EYEWITNESS LOCAL NEWSFirefighters Respond To Arizona Tragedy
from Eyewitness News Online
Reported by: Kera Mashek
Web Producer: Kera Mashek
Reported: Jul. 1, 2013 9:01 PM EDT
Updated: Sep. 3, 2013 4:30 PM EDT
St. Albans , Kanawha County , West Virginia
A massive, deadly wildfire continues to rage out of control near prescott, Arizona. Nineteen firefighters were killed battling that fire Sunday. They were members of an elite squad called the "Granite Mountain Hot Shots".
With the extreme heat and winds fanning the flames, the firefighters simply had nowhere to run, and their safety equipment, including specialized fire tents, offered little help.
Firefighters around the country, including here in West Virginia, are now sending prayers and support to Arizona.
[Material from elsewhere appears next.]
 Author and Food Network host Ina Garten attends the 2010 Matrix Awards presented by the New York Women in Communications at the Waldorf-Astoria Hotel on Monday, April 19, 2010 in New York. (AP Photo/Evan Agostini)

Captain Dwight Pettry's set to retire soon from the Saint Albans Fire Department after almost three decades of service. For 20 of those years, he's not only answered calls in the local community, he's also responded to wildfires out west. So he knows first-hand fires like the one burning right now in Arizona --are brutal.
"It's all day, walking and digging. And out there, it takes several days to put out a fire, even if it's very small, only a few acres. Things are so dry, it's burning underground," said Pettry.
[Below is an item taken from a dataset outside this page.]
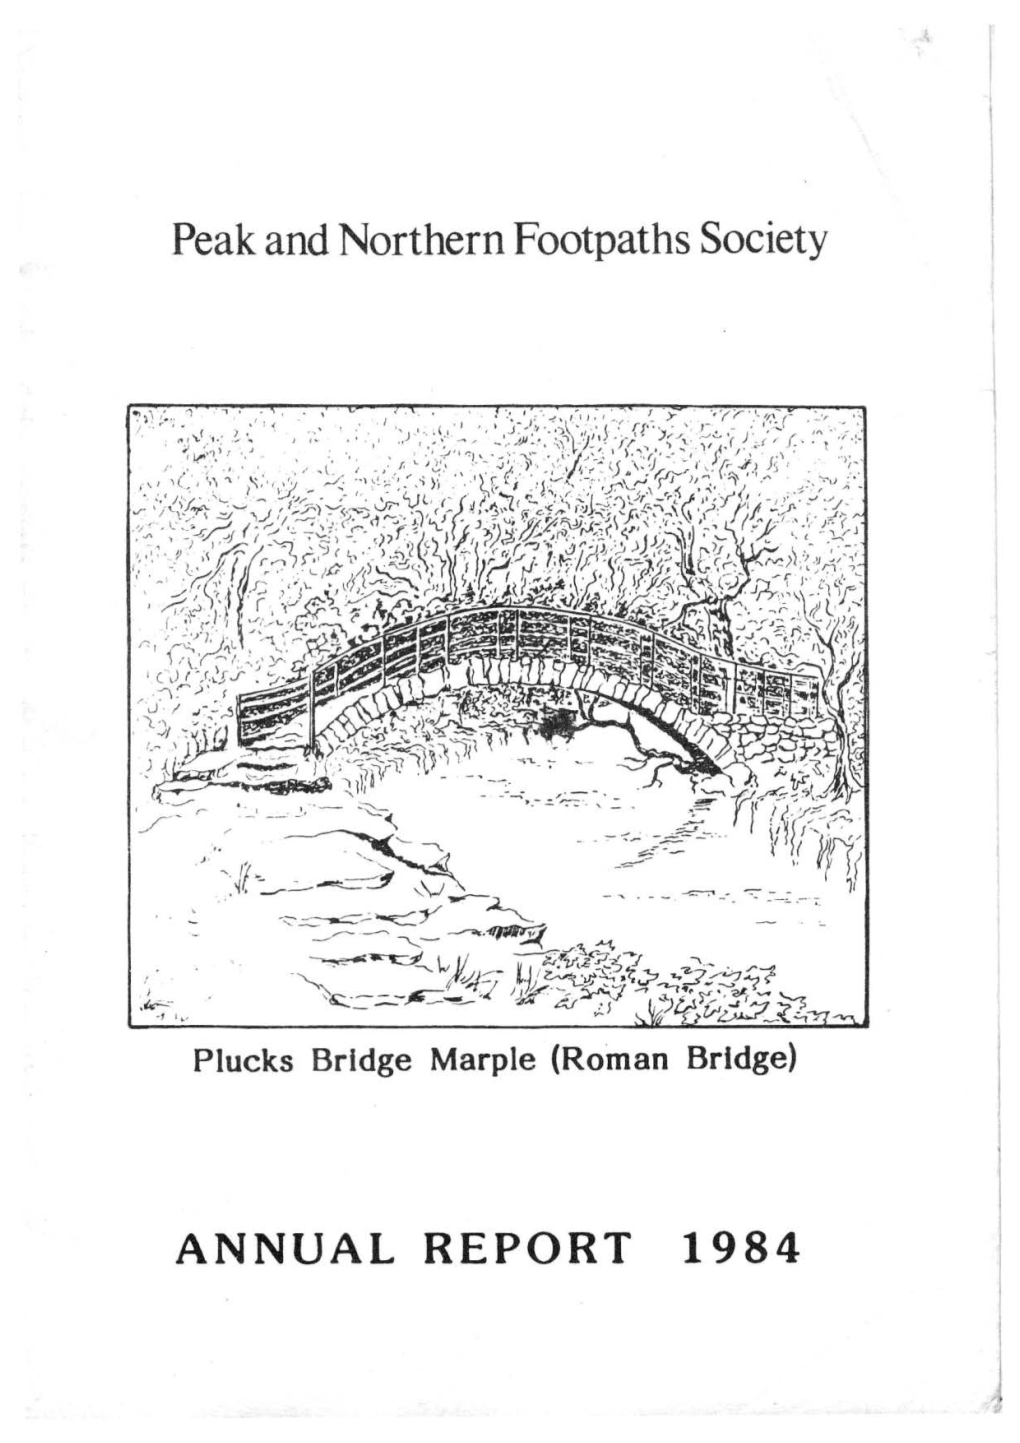 Peak and Northern Footpaths Society ANNUAL REPORT 1984

Pettry says there are always new safety precautions coming out for crews who chose to be certified in wild-lands firefighting, Including new versions of specialized fire tents that were put into use a few years ago. The tents can withstand 500 degree heat, but fires can easily reach a thousand degrees or more. So sometimes, not even the best equipment can stop the inevitable...
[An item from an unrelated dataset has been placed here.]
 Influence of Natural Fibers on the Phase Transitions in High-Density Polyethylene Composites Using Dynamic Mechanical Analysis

"Of course all your uniforms are Nomex, which is similar to the bunker coats we wear here, but they're much thinner because obviously you don't want to wear those all day in the heat. Then we carry the shelter. It's a last ditch effort thing, which as we know from out there yesterday, it doesn't always protect you," Pettry said.
His heart breaks for fire departments and families of the 19 fallen members of the Granite Mountain Hot Shots--some of the most highly trained firefighters anywhere.
"It's just tough, really tough," said Pettry.
But he knows the firefighting family around the country will be lending support to help Arizona communities heal, while helping firefighters on the front lines continue to do their jobs, until the flames in Yarnell go out.
In order to help fight wildfires, firefighters in West Virginia have to be what's called "red card certified" through the state division of forestry or the US Forest Service.
So far--we've not learned of any fire crews from the Mountain State who are being dispatched fight the Arizona wildfire, but that call could come any time and firefighters here say they are ready and willing to help.